Liquid Resistant Porous Substrate
[0121] In a preferred embodiment a liquid resistant porous
substrate is laid down on top of a liquid spreading mesh to avoid
splashes of waste liquid but more important to avoid liquid fog.
Together with the liquid spreading mesh spitting a purging may be
performed by the same maintenance device.
[0122] The splashes of waste liquid and liquid fog may be minimized
when the porous substrate on top of the liquid spreading mesh has
the following characteristics: [0123] the porous substrate is
filled with more than 95% of wasted liquid; and [0124] the
receiving capacity of the top layer on the porous substrate for
wasted liquid is 10% higher than the liquid dripping capacity of
the bottom layer on the porous substrate for the wasted liquid
through the porous substrate.
[0125] The characteristics of the liquid resistant porous substrate
may become in time less effective. Therefore in a preferred
embodiment the liquid resistant porous substrate is replaceable.
The inkjet print device may comprise a roll-system wherein flexible
liquid resistant porous substrate on a roll is moved on top of the
liquid spreading mesh. The operator of the inkjet print device may
roll new ("fresh") flexible liquid resistant porous substrate on
top of the liquid spreading mesh if the maintenance device is not
performing anymore after a while. The rolling of the liquid
resistant porous substrate may be performed by an electric
motor.
[0126] In a preferred embodiment the liquid resistant porous
substrate is held down against the liquid spreading mesh by fixing
means such as a cover plate or clamps.
[0127] In a preferred embodiment the top layer of the liquid
resistant porous substrate is pre-treated to enhance the
capillarity of the liquid resistant porous substrate. The liquid
resistant porous substrate maybe pre-treated by corona treatment
which is a surface modification technique.

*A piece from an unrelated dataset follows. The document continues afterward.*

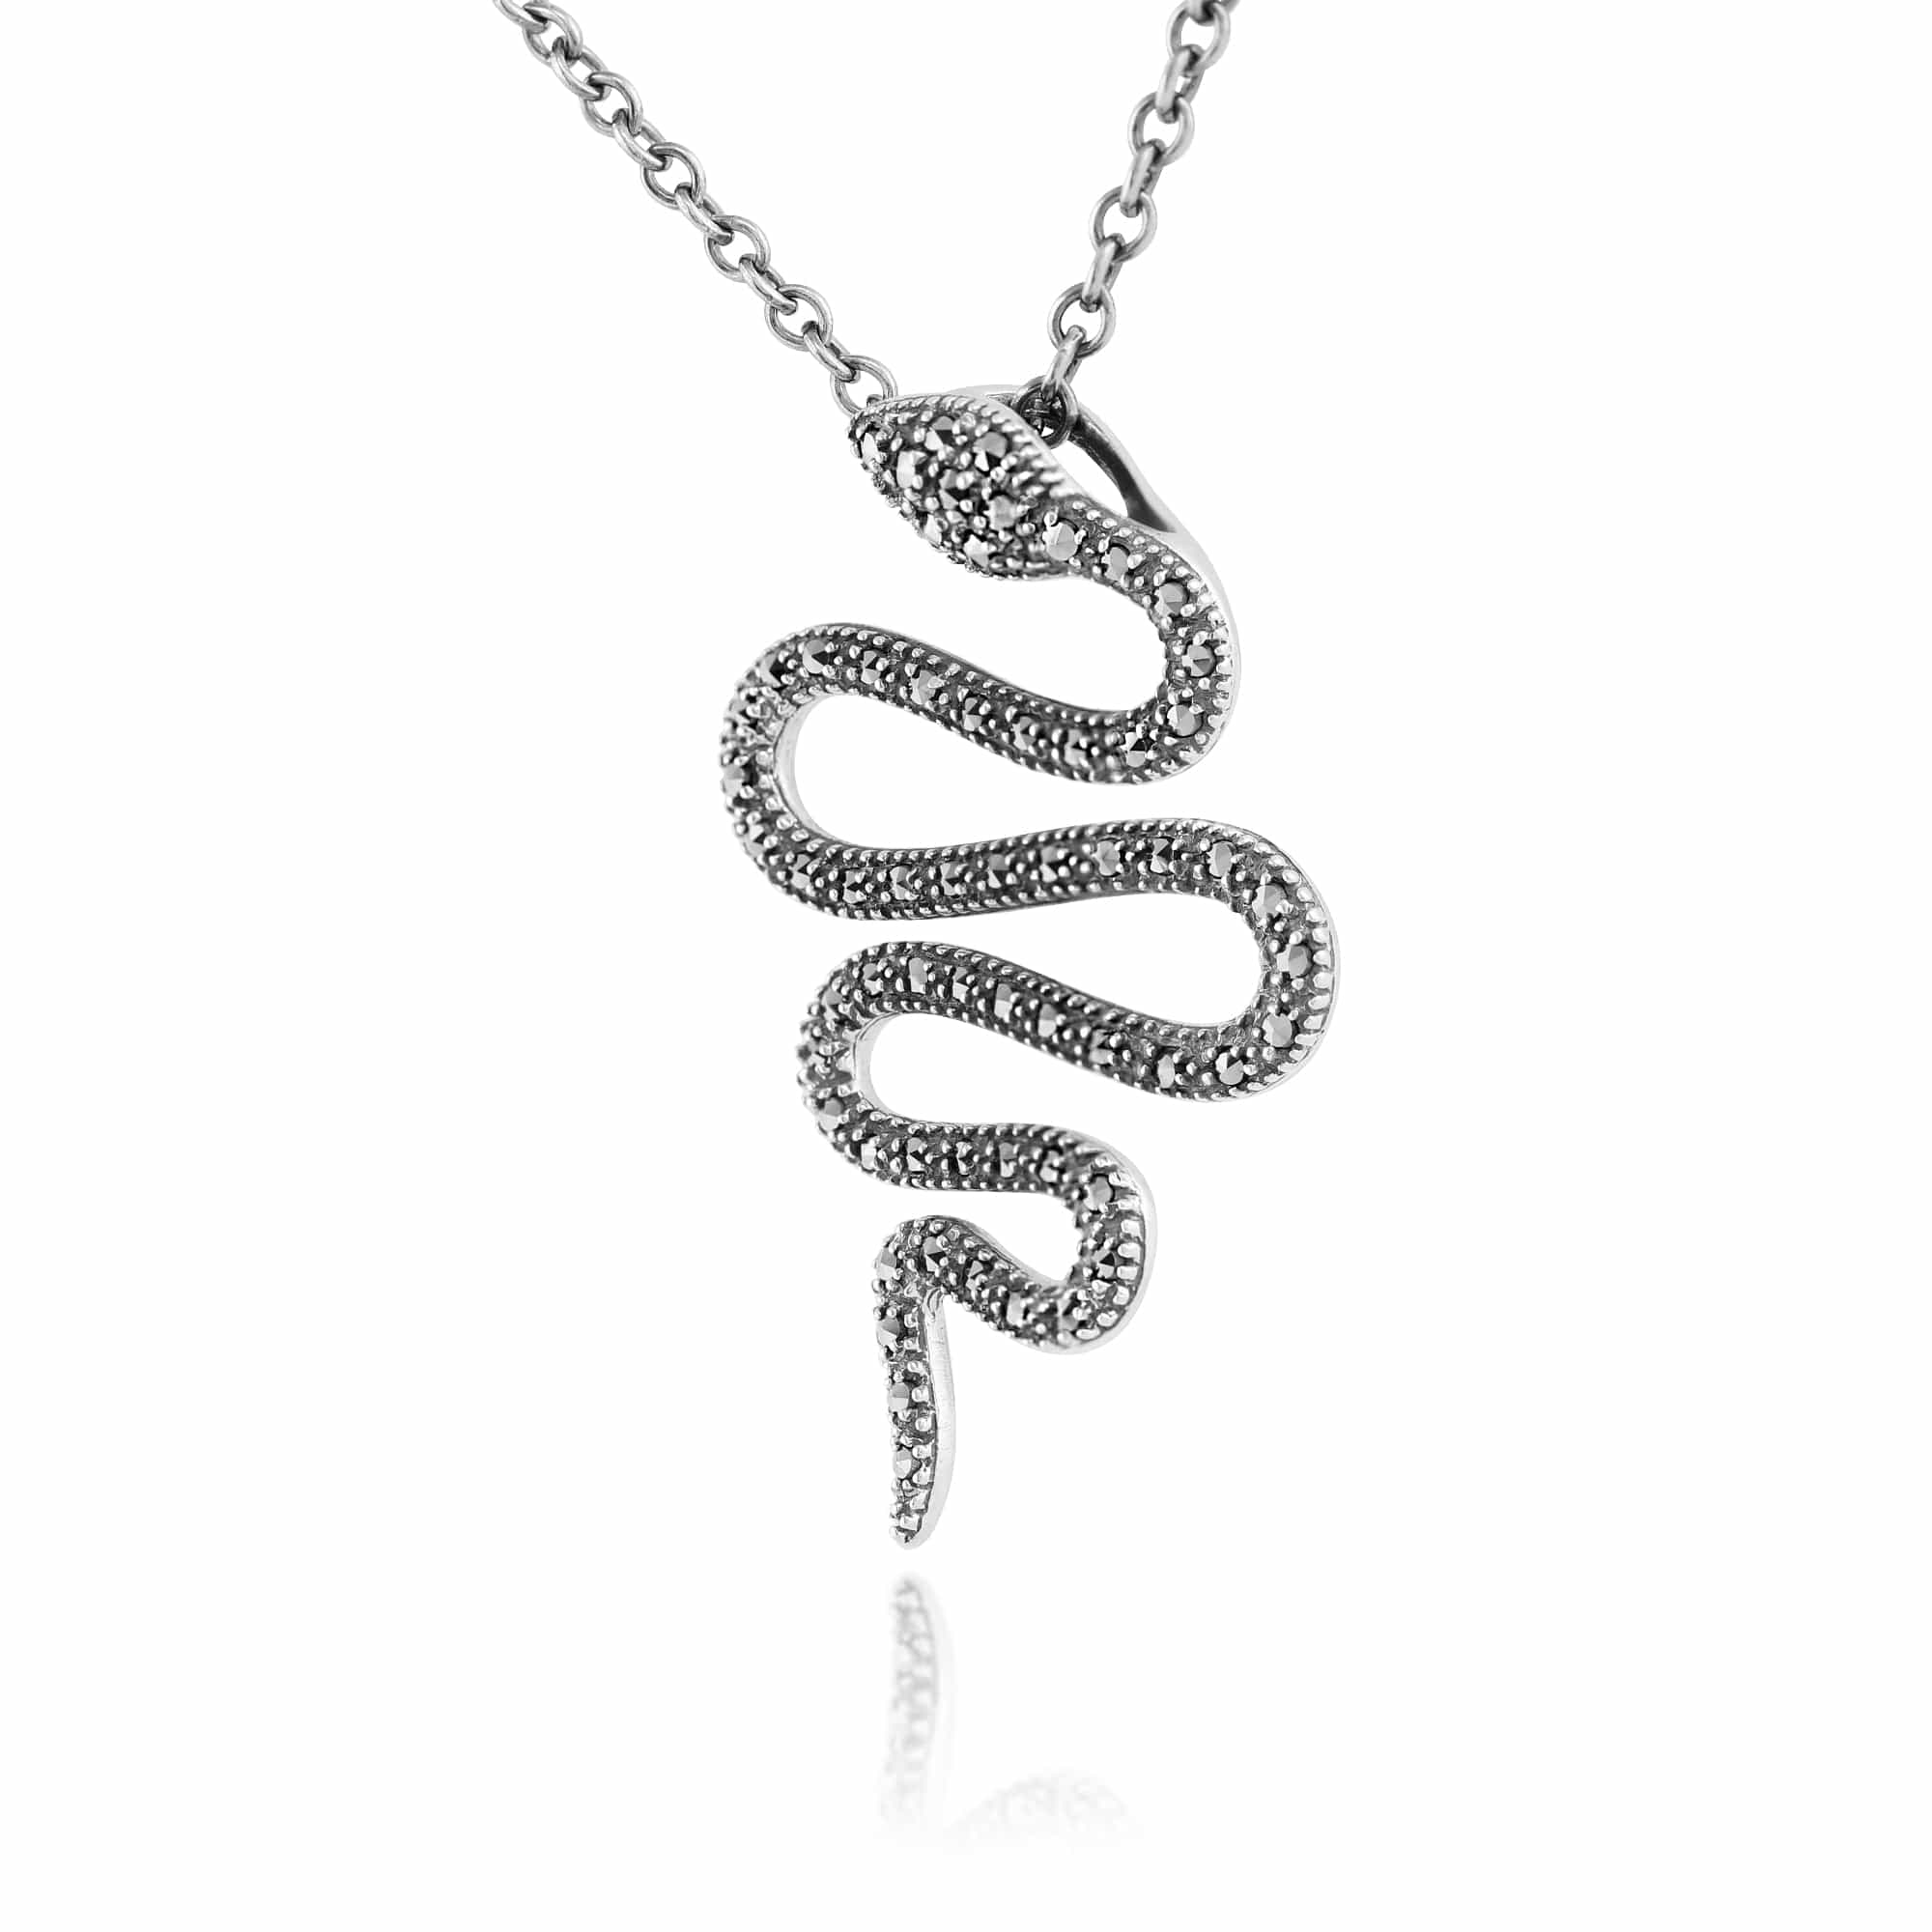 214E816701925-214N672601925 Art Nouveau Style Style Round Marcasite Snake Drop Earrings & Pendant Set in 925 Sterling Silver 5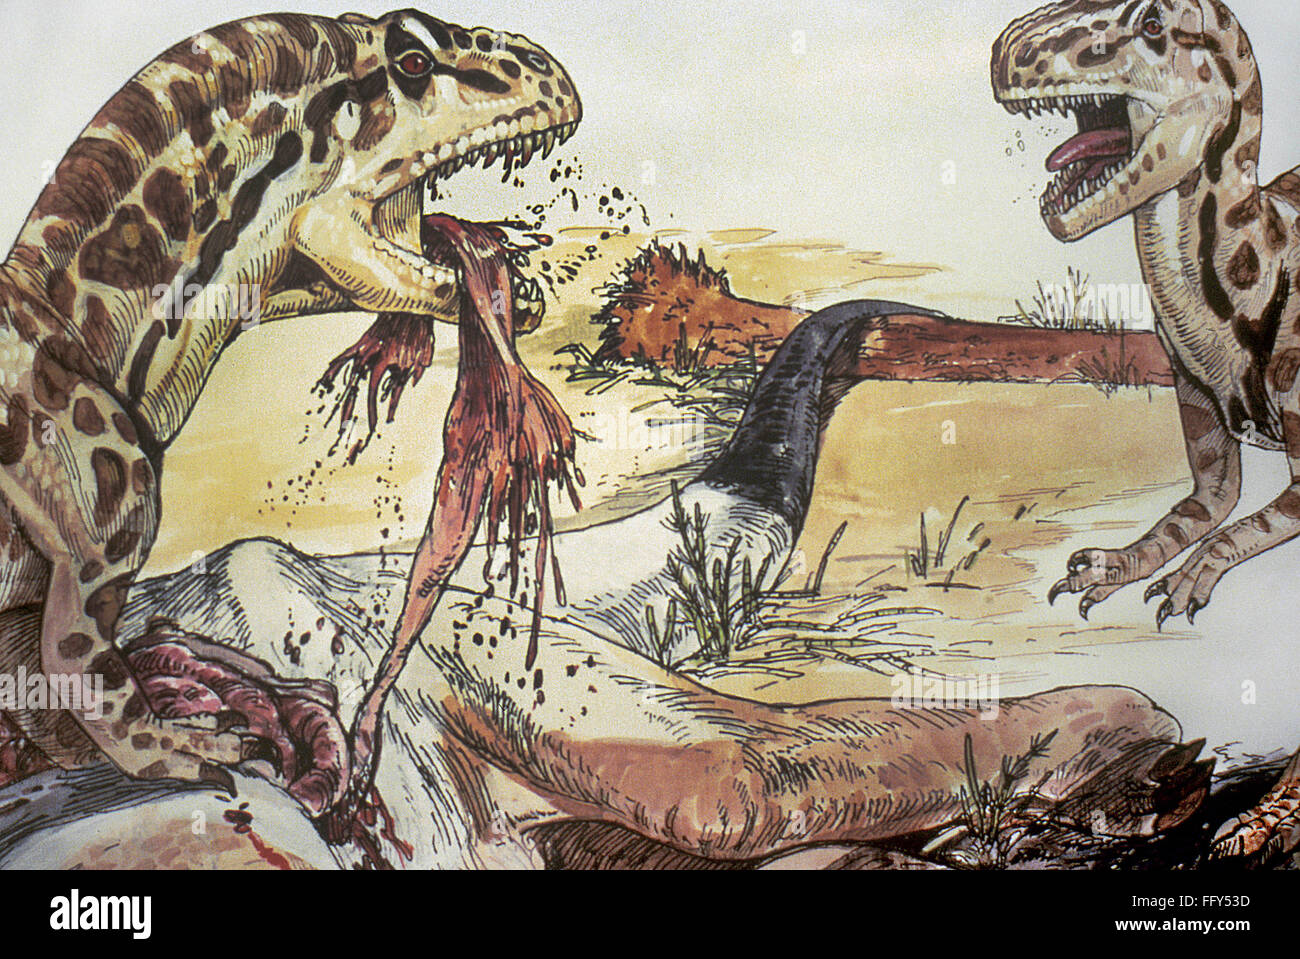 DINOSAURS: ALLOSAURUS. /nAllosauruses devouring their prey. American illustration, late 20th century. Stock Photo

[0128] Other technologies used for surface treatment may be used
such as in-line atmospheric plasma, flame plasma and chemical
plasma systems.
[0129] The liquid resistant porous substrate may be pre-treated
with surfactants, such as fluorsurfactants, which aids the fast
evacuation of waste liquid.
[0130] The liquid resistant porous substrate may comprise a
plurality of liquid resistant porous substrates on top of each
other to evacuate for example the waste liquid faster and
minimizing liquid fog.
[0131] The liquid resistant porous substrate comprises preferably
fibres and yarns. The liquid resistant porous substrate is in a
preferred embodiment a woven and knitted polyester fabric. The
woven and knitted polyester may be pretreated with silica
particles, such as Sylysia 350 which is a synthetic amorphous
silica with high porosity and high purity supplied by Fuji Silysia
Chemical, to improve the capillarity.
[0132] The factors which affect the capillary flow process of the
liquid resistant porous substrate are primarily fabric related and
include the constituent fibre chemical nature, the fabric
configuration, and the geometric properties of its porous structure
namely inter-fibre and inter-yarn pores. The yarn and fabric
production parameters are controlling factors of the fabric
properties and the capillarity.
[0133] The liquid resistant porous substrate may comprise cotton
which is known for its superior liquid transfer performance.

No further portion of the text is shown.